GIVEN MATERIAL:
[Start of Attachment]

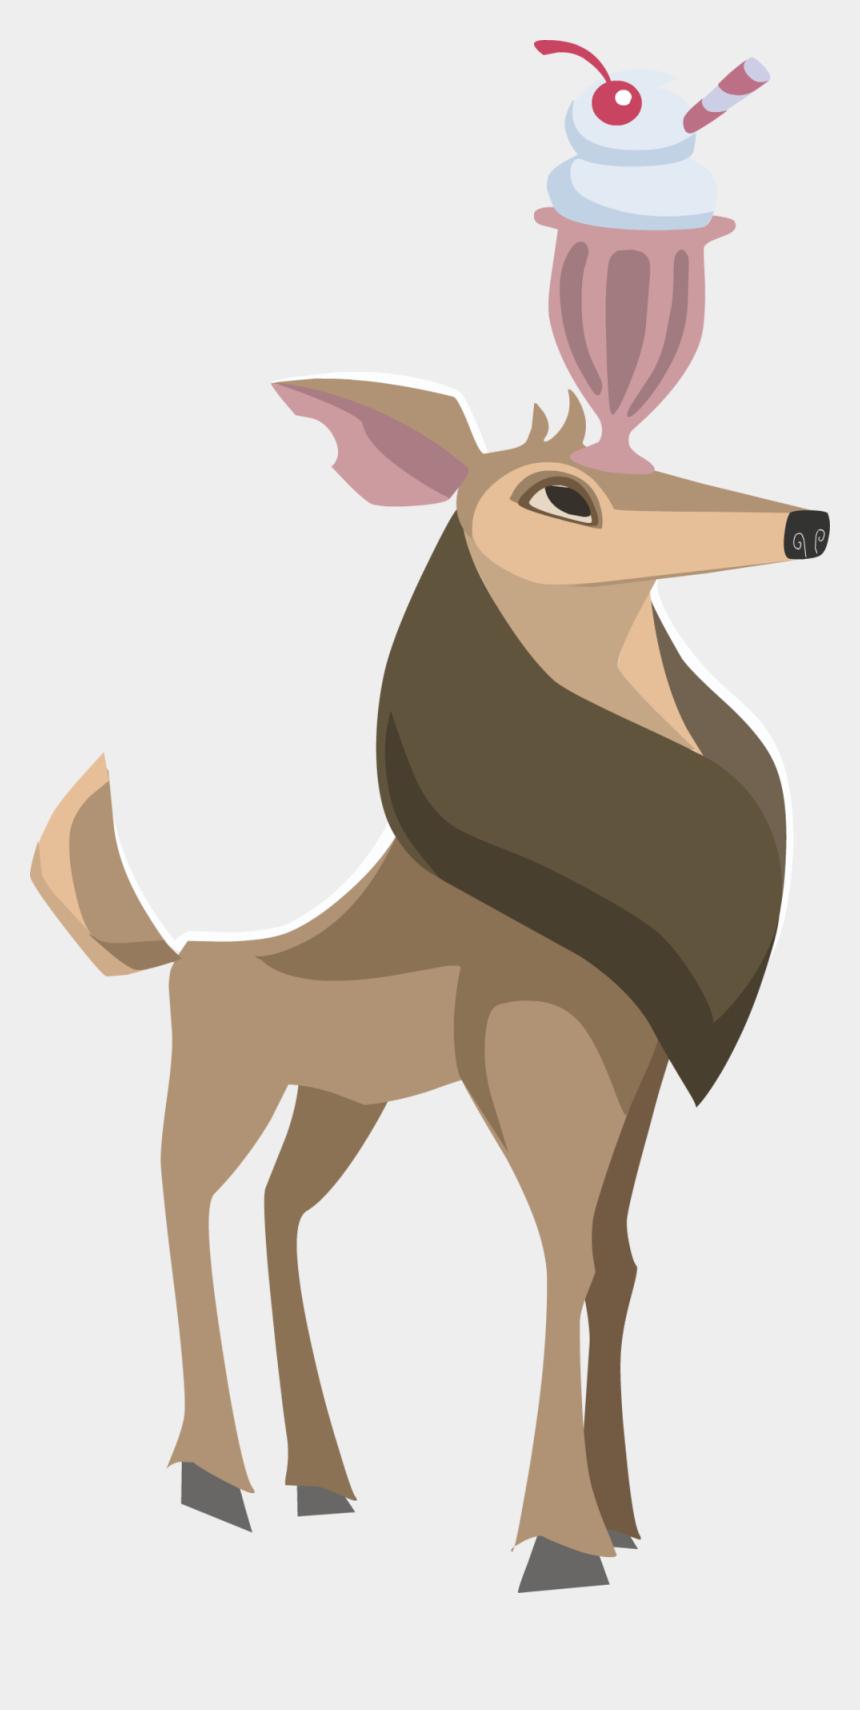 animal jam clipart, Cartoons - Deer
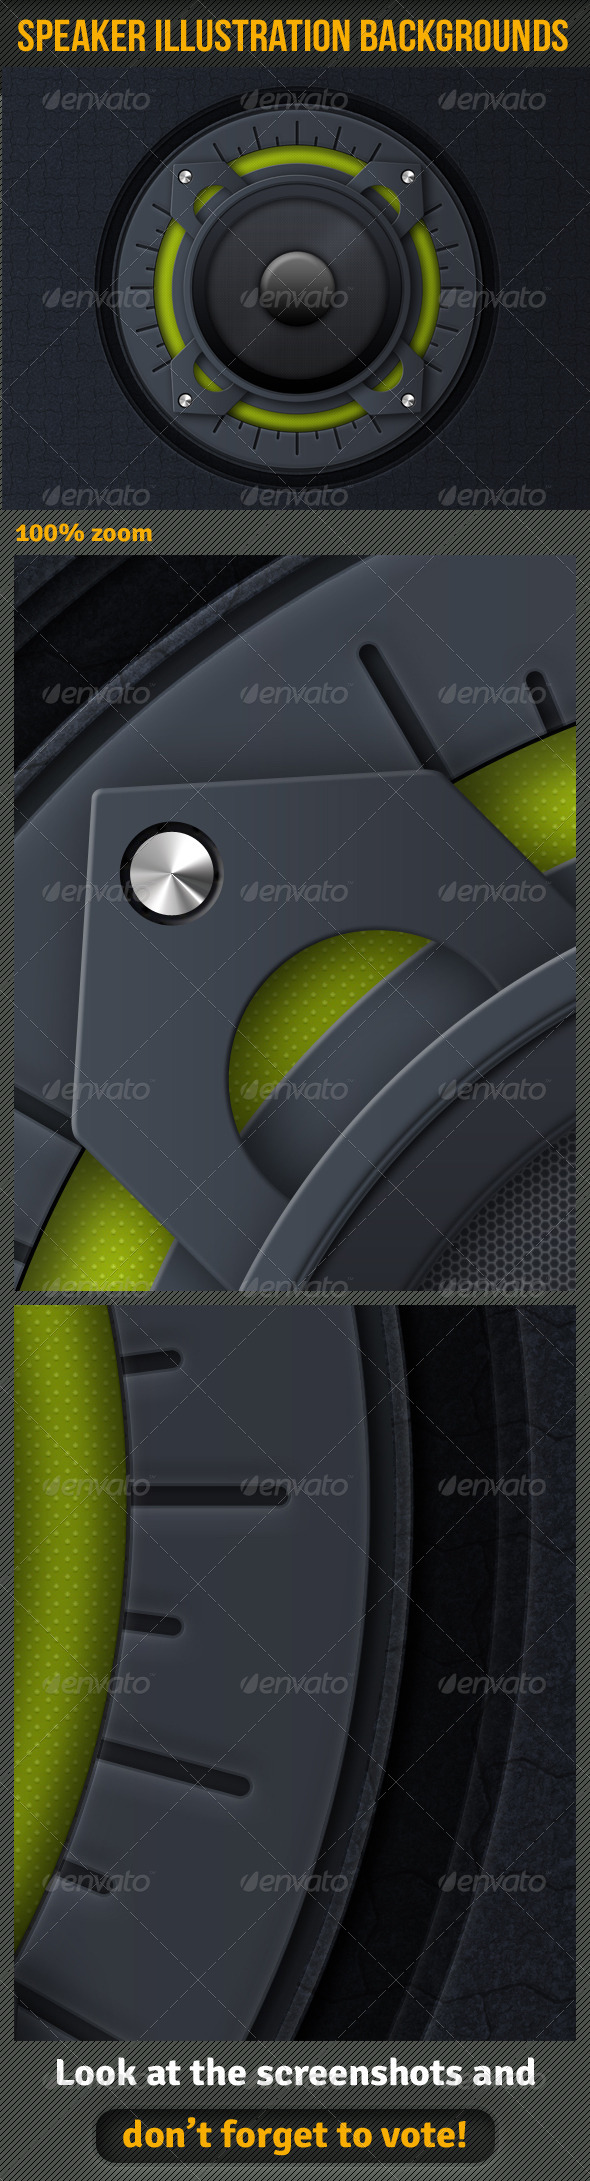 Speaker Illustration Background
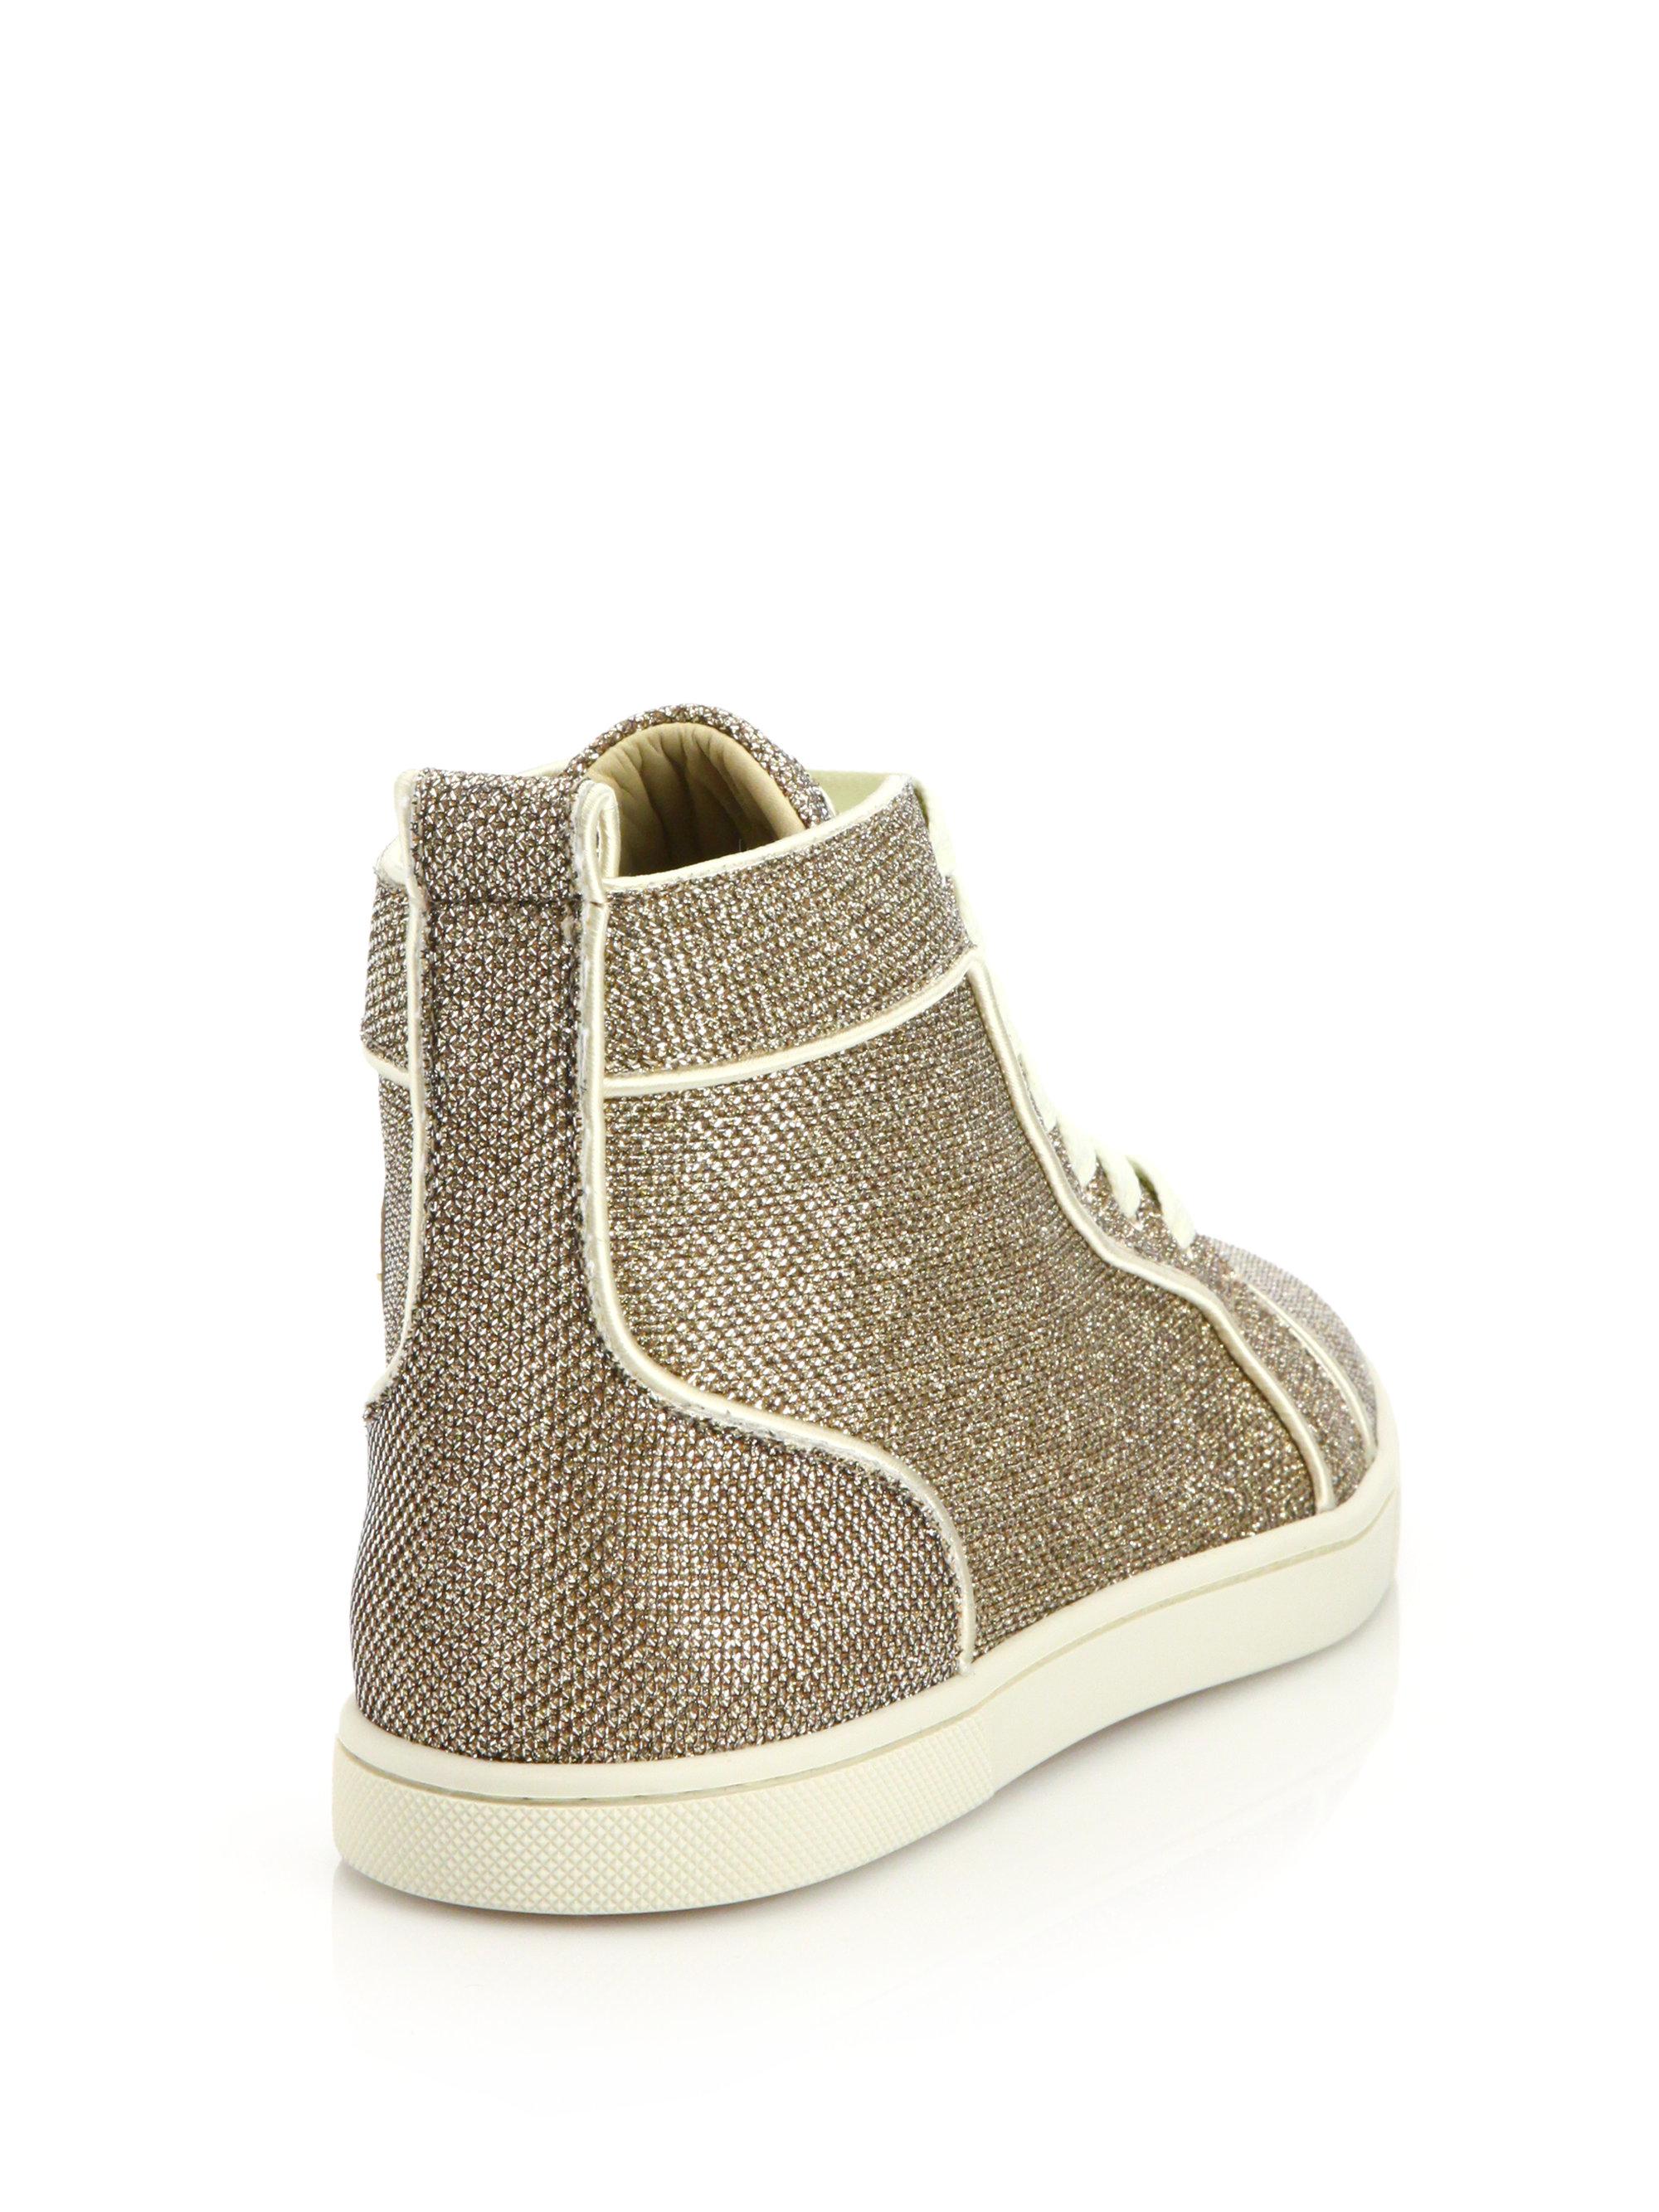 Christian louboutin Glitter Hi-top Sneakers in Gold | Lyst

[End of Attachment]

WHAT TO WORK ON: The data above must be reproduced exactly, without any of its pictures.

EXERCISE RESULT:
 animal jam clipart, Cartoons - Deer
 Speaker Illustration Background
 Christian louboutin Glitter Hi-top Sneakers in Gold | Lyst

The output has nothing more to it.